# Hey, folks!



## GainzGittr (Jun 22, 2017)

So, I'm just and old musclehed from back in the day (remember the old musclehedz cartoons?).  I recently started working out again after a 14 year hiatus.  I was 32, 245lbs. with 8% BF.  Anyway, work took me away from the gym...and I've been back at it for about 6 mos. now.  Muscle memory has kicked in, and I'm starting to knock on the door of where I used to be.  At 47 now, it might take a while.  I'm at 270 lbs. with about 24-25% BF now.  So a major recomp is in my future.  My biggest point of failure now is my diet.  It's just tough to prepare all the food these days.  Freezer is full of chicken breast, 90-10 ground beef, and fish...it's just getting everything out and thawed...then cooking it all up that's such a drag for me.

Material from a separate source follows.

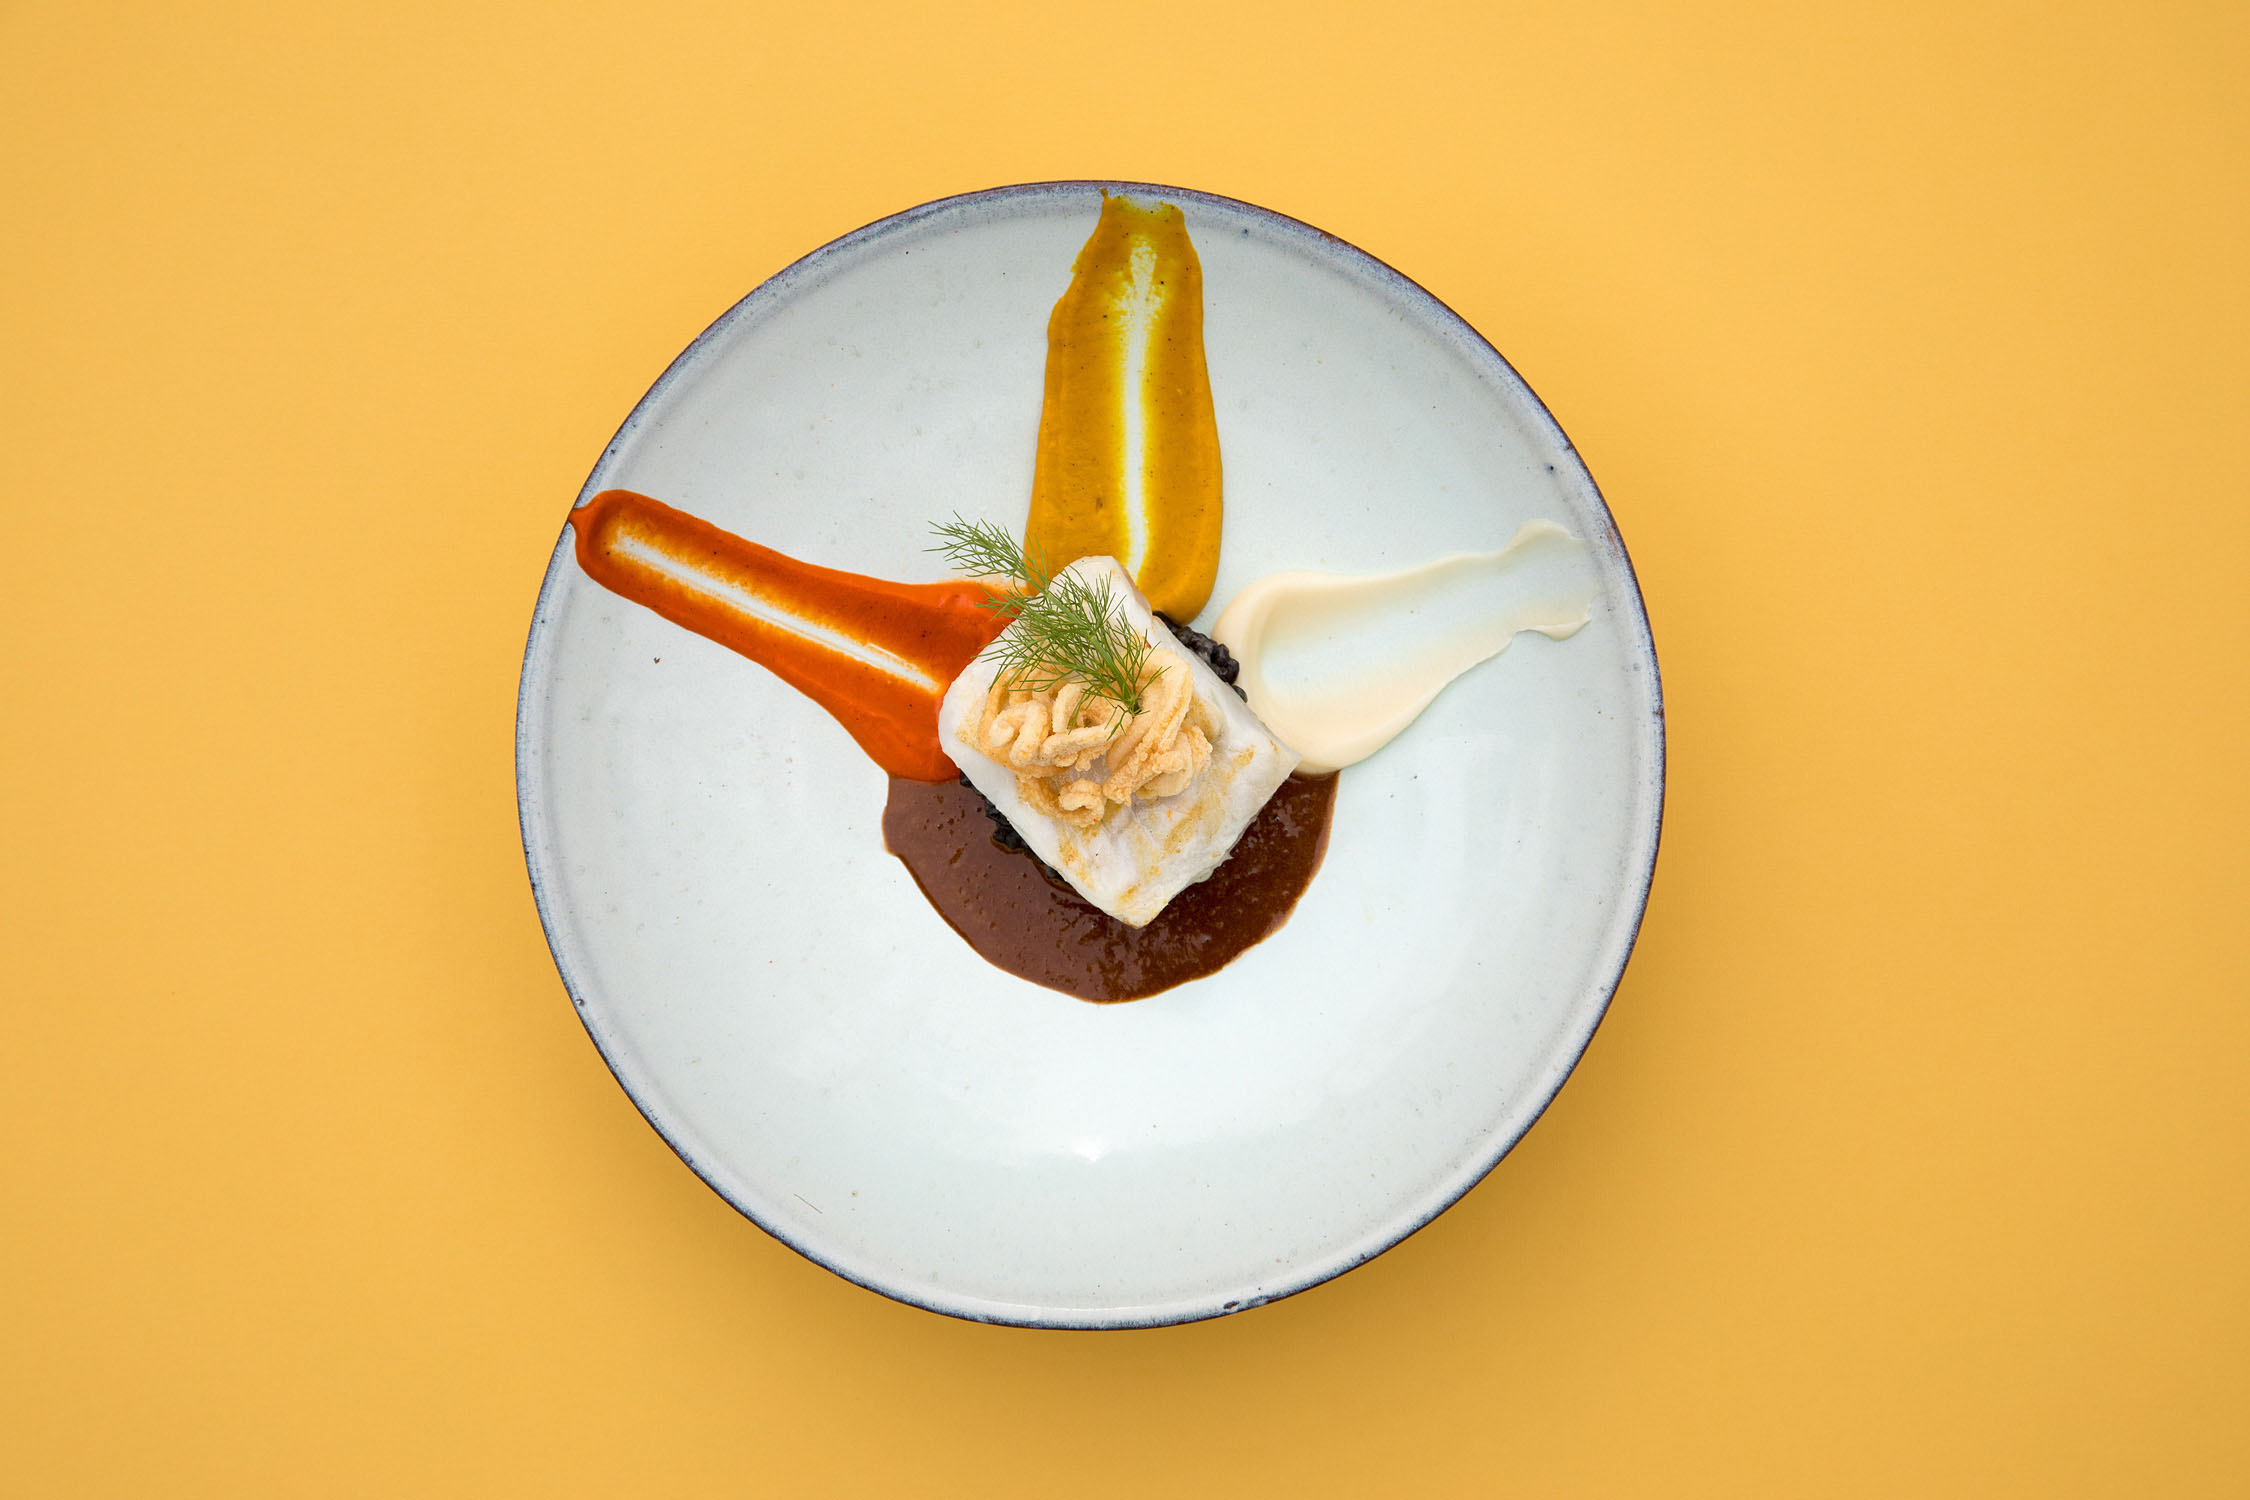 Restaurant De Moerbei-9459.jpg

Anyway, just sayin' HI! to anyone that cares!  Take it easy, folks.


----------



## Arnold (Jun 22, 2017)

Welcome.


----------



## brazey (Jun 23, 2017)

Welcome....


----------



## Johnjohn1977 (Jun 24, 2017)

Welcome to the club

granabolic.is granabolic@gmail.com


----------



## Gena Marie (Jun 27, 2017)

Welcome to the board.  I wish you the best at meeting your goals.


----------



## jackyjaggs (Jun 27, 2017)

meal prep is  such a pain but very satisfying if you manage to do it and stick with it. 
welcome back! and good luck in the journey to meet the goals you want.


----------



## meanstreek (Jul 29, 2017)

... welcome


----------